* THE DATA *
_____
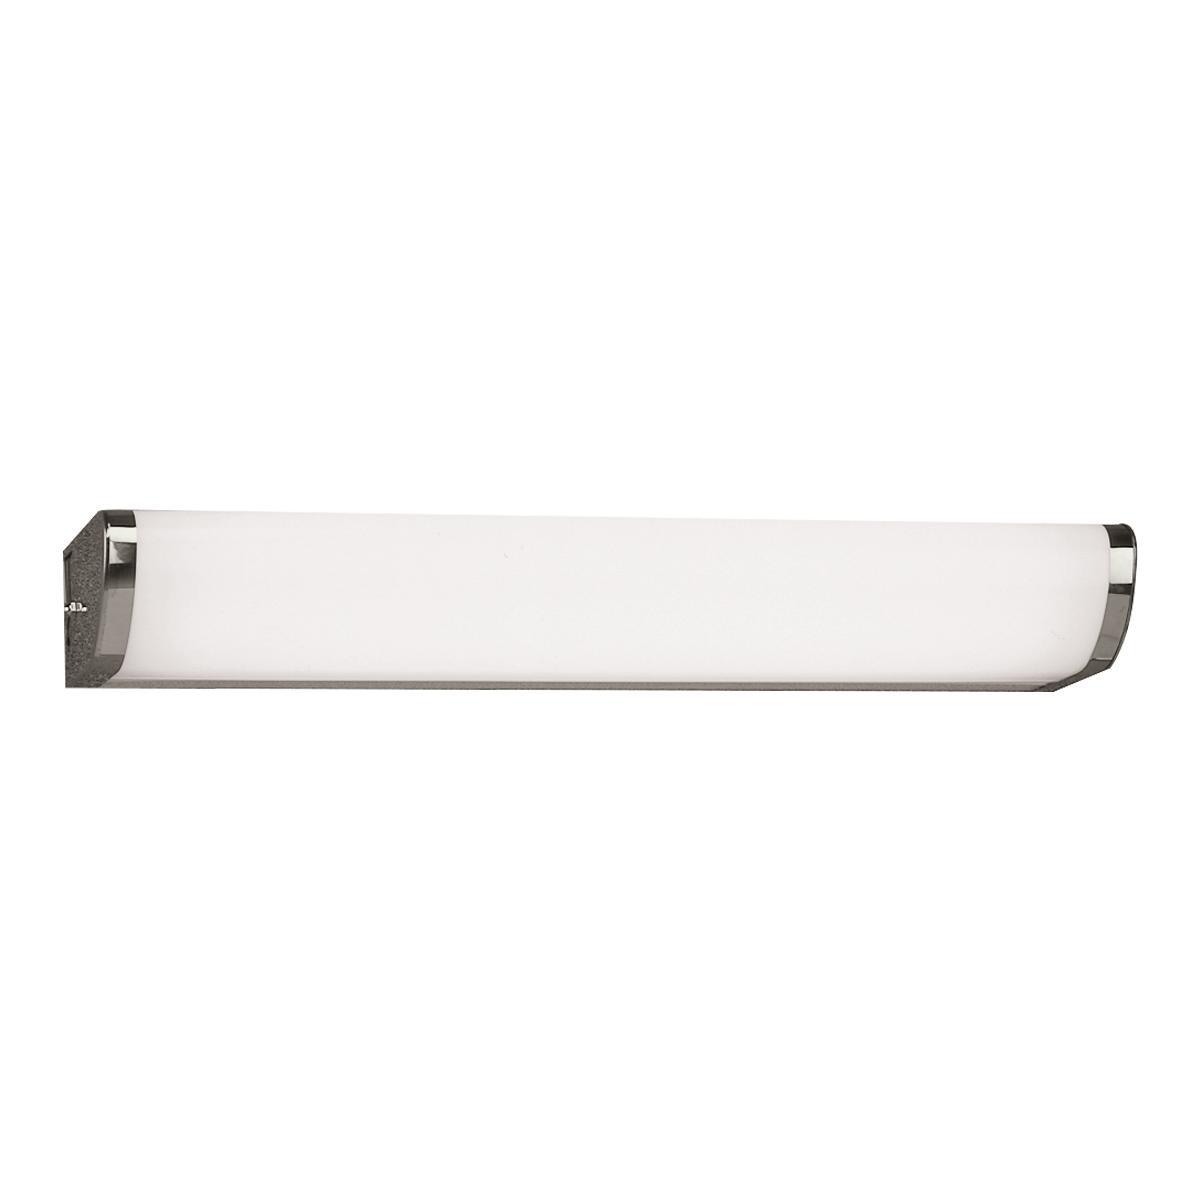 Chome (CEC) endcaps  sc 1 st  Brownlee Lighting - Fashionable u2022 Functional u2022 Affordable & Brownlee Lighting - Fashionable u2022 Functional u2022 Affordable
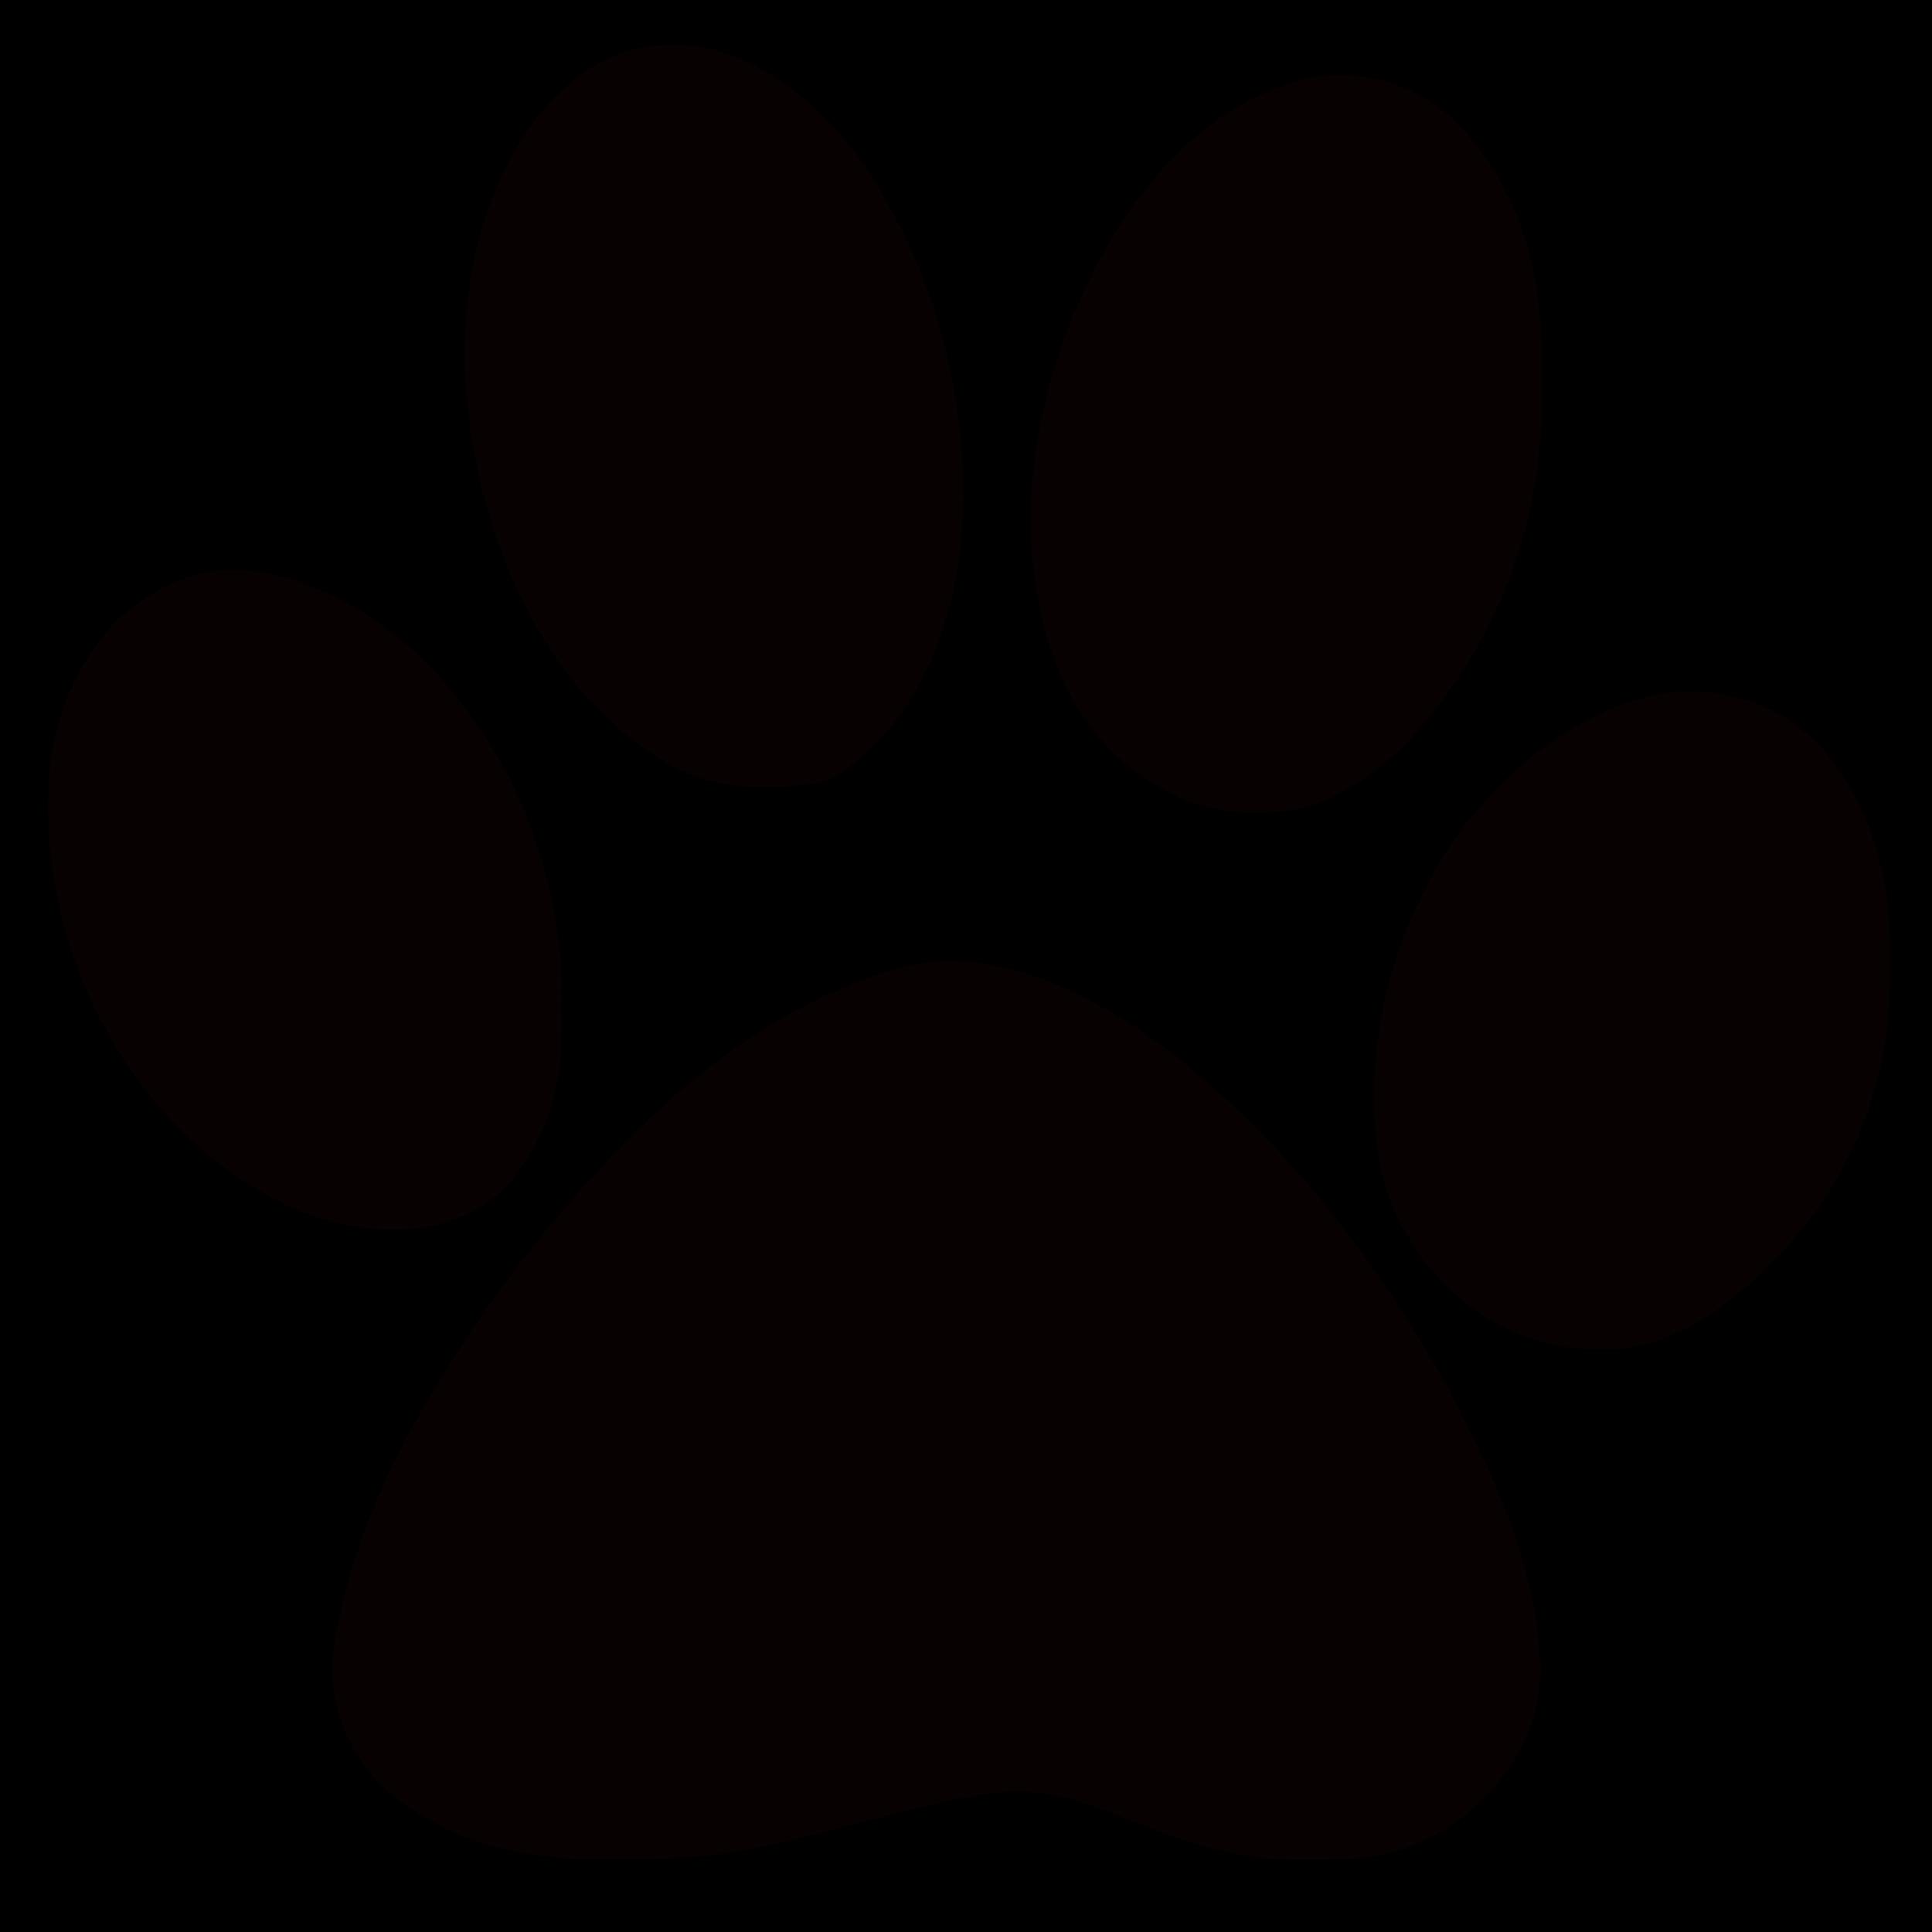 Dog paw print free download clip art on
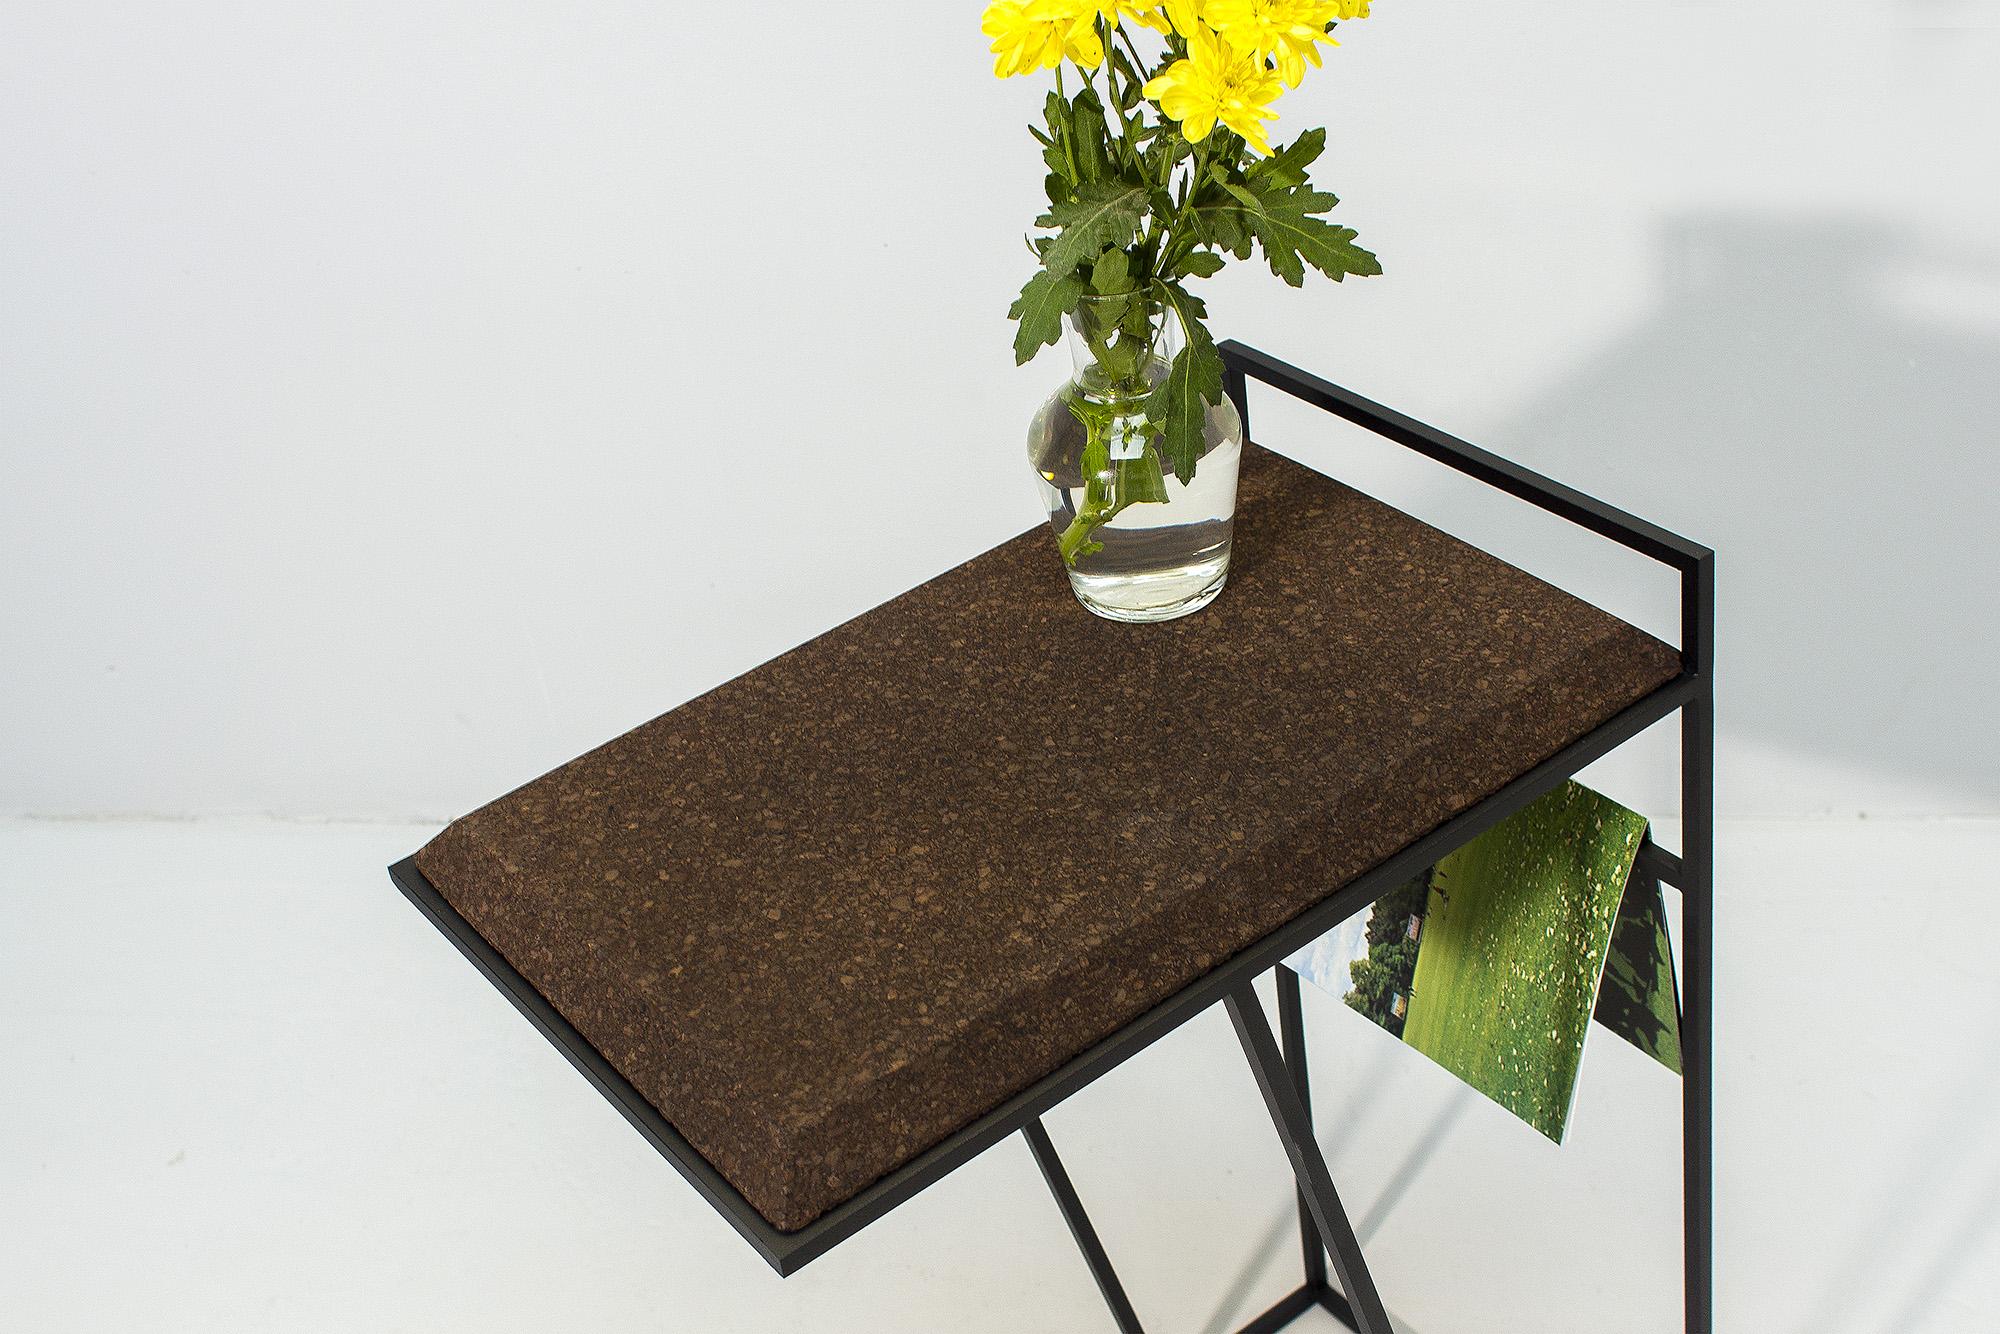 low-Galula-Grão-side-table-3-dark-cork-black-13.jpg
_____
* TASK STATEMENT *
Without including any picture, repeat the data exactly.

* WRITTEN RESPONSE *
 Chome (CEC) endcaps  sc 1 st  Brownlee Lighting - Fashionable u2022 Functional u2022 Affordable & Brownlee Lighting - Fashionable u2022 Functional u2022 Affordable
 Dog paw print free download clip art on
 low-Galula-Grão-side-table-3-dark-cork-black-13.jpg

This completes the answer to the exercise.